В ближайшие дни выдающийся дирижер посетит Москву, чтобы выступить со своим оркестром в Большом театре. Будет исполнен Реквием Дж.Верди.
Риккардо Мути родился в Неаполе 28 июля 1941-ого года и учился игре на фортепиано в консерватории Сан Пьетро а Майелла. Продолжал обучение в Милане на композиторском и дирижерских факультетах. В 1967-ом году, первый из итальянцев, победил на конкурсе "Приз Гвидо Кантелли".

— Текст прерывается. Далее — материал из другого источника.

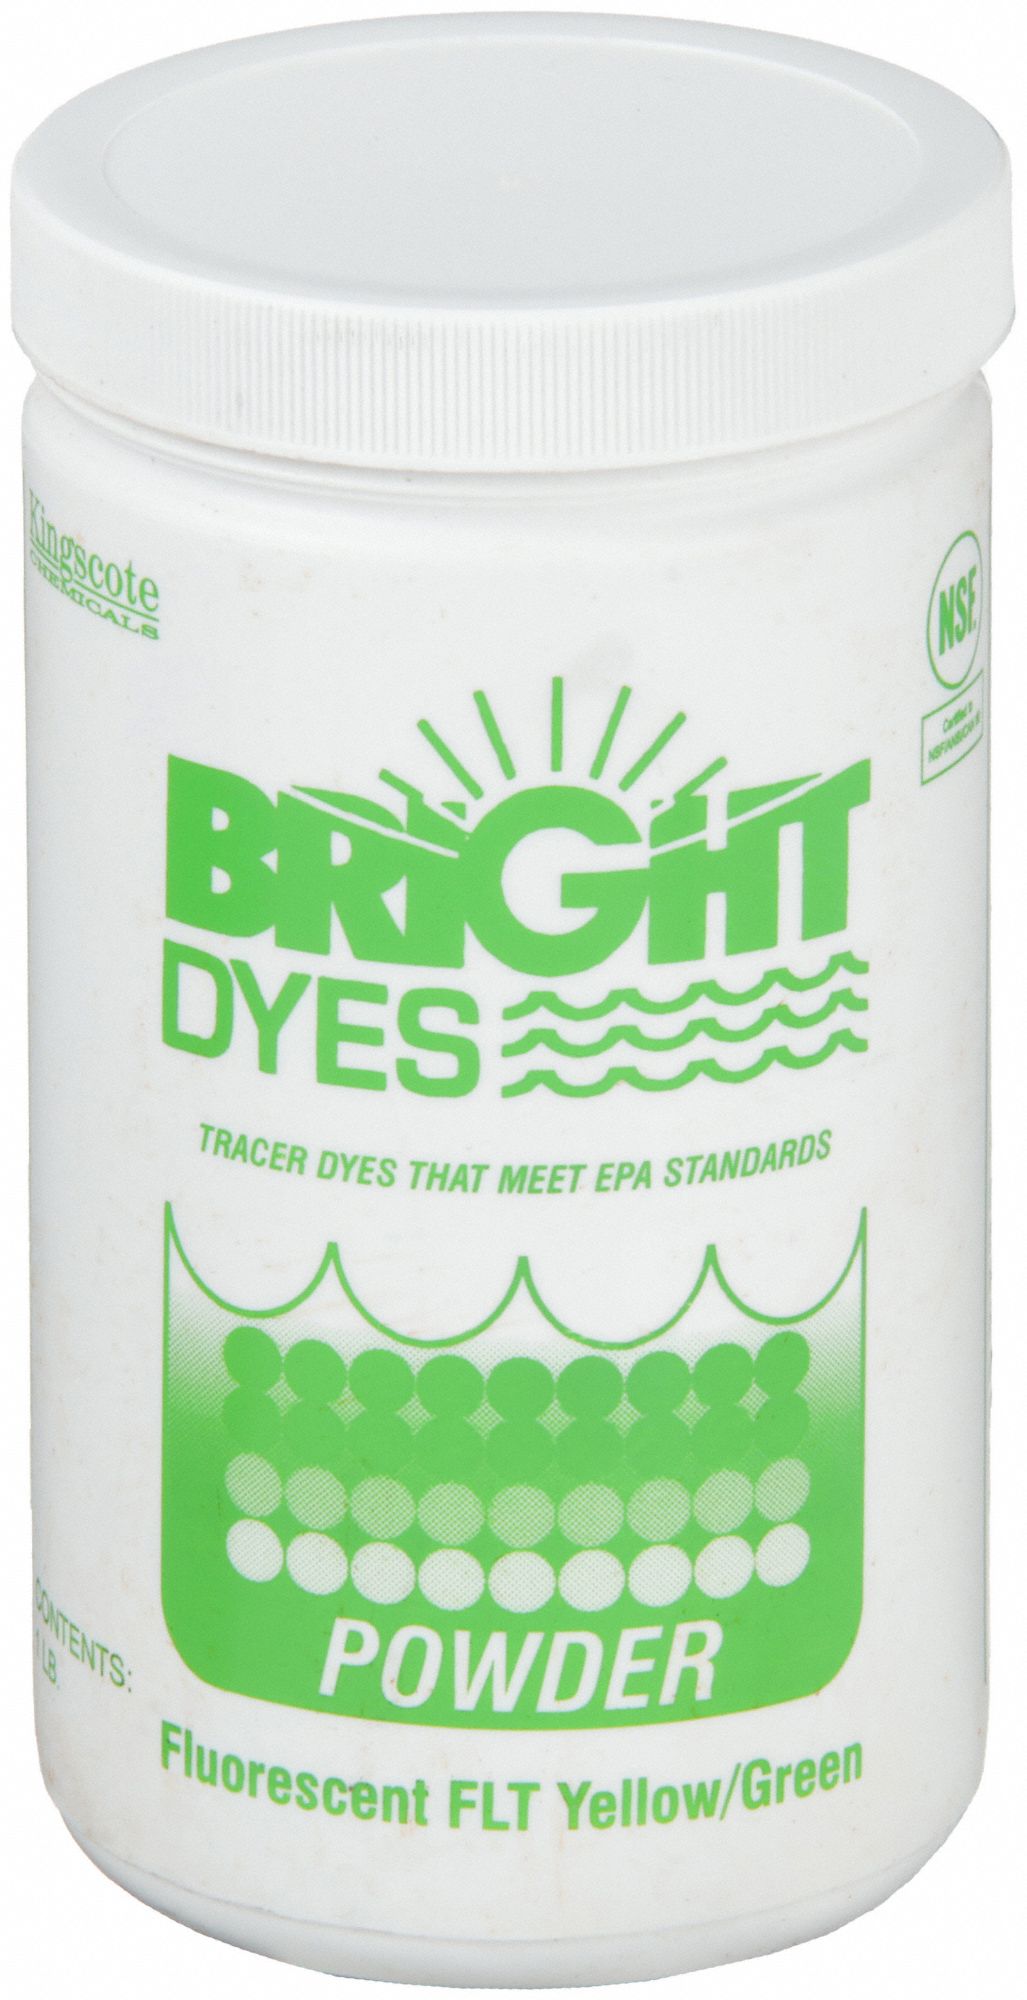 Bright Dyes Fluorescent FLT Yellow/Green Dye Powder - The Drainage Source

С 1968-ого по 1980-ый год был главным дирижером и музыкальным руководителем фестиваля "Флорентийский Музыкальный Май". С 1972-ого года работал с Лондонским филармoническим оркестром, наследуя Отто Клемпереру. С 1980-го по 1992-ой год Мути был музыкальным руководителем Филадельфийского оркестра, с которым объездил много стран и записал большое количество произведений. С 1986-ого года Мути является музыкальным руководителем миланского театра Ла Скала. Мути возглавлял оперные постановки в Филадельфии, Нью-Йорке, Мюнхене, Зальцбурге, Вене и Лондоне. В 2000-ом году итальянский дирижер возглавил Нью-Йоркский филармонический оркестр. С Риккардо Мути беседует Леонетта Бентивольо.
Итак, маэстро. Прежде всего, попробуем приподнять Вашу маску? Ваш характер определяют как жесткий и даже "тевтонский". Но, кто знаком с Вами, клянется, что Вы совсем другой - мягкий и приятный, и что у Вас бесконечное чувство юмора. Говорят даже, что Вы чемпион по анекдотам.

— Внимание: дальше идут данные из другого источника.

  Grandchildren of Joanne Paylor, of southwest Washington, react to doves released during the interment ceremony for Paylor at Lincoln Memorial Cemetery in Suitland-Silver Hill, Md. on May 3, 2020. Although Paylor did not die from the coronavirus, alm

Существует мой cтиль поведения на публике, который имеет отношение
к моей работе. Он идет от воспитания. Я прошел суровую школу.
Большую часть моих молодых лет я провел в Мольфетте (город в
провинции Бари, в области Пулья, на юге Италии - прим. пер.).
Оттуда был мой отец. В те времена не было телевидения, и в
провинции люди проводили вечера с друзьями, прогуливаясь по
центральной улице, споря о политике. На резиденции епископа можно
было прочитать латинскую надпись: Mortales vos esse docet quae
labitur hora (время, которое проходит, напоминает вам от том, что
вы должны умереть). Помню страстные пятницу и субботу, крестные
ходы и похоронные марши... В общем, в Пулье было и есть сильнейшее
ощущение жизни и смерти.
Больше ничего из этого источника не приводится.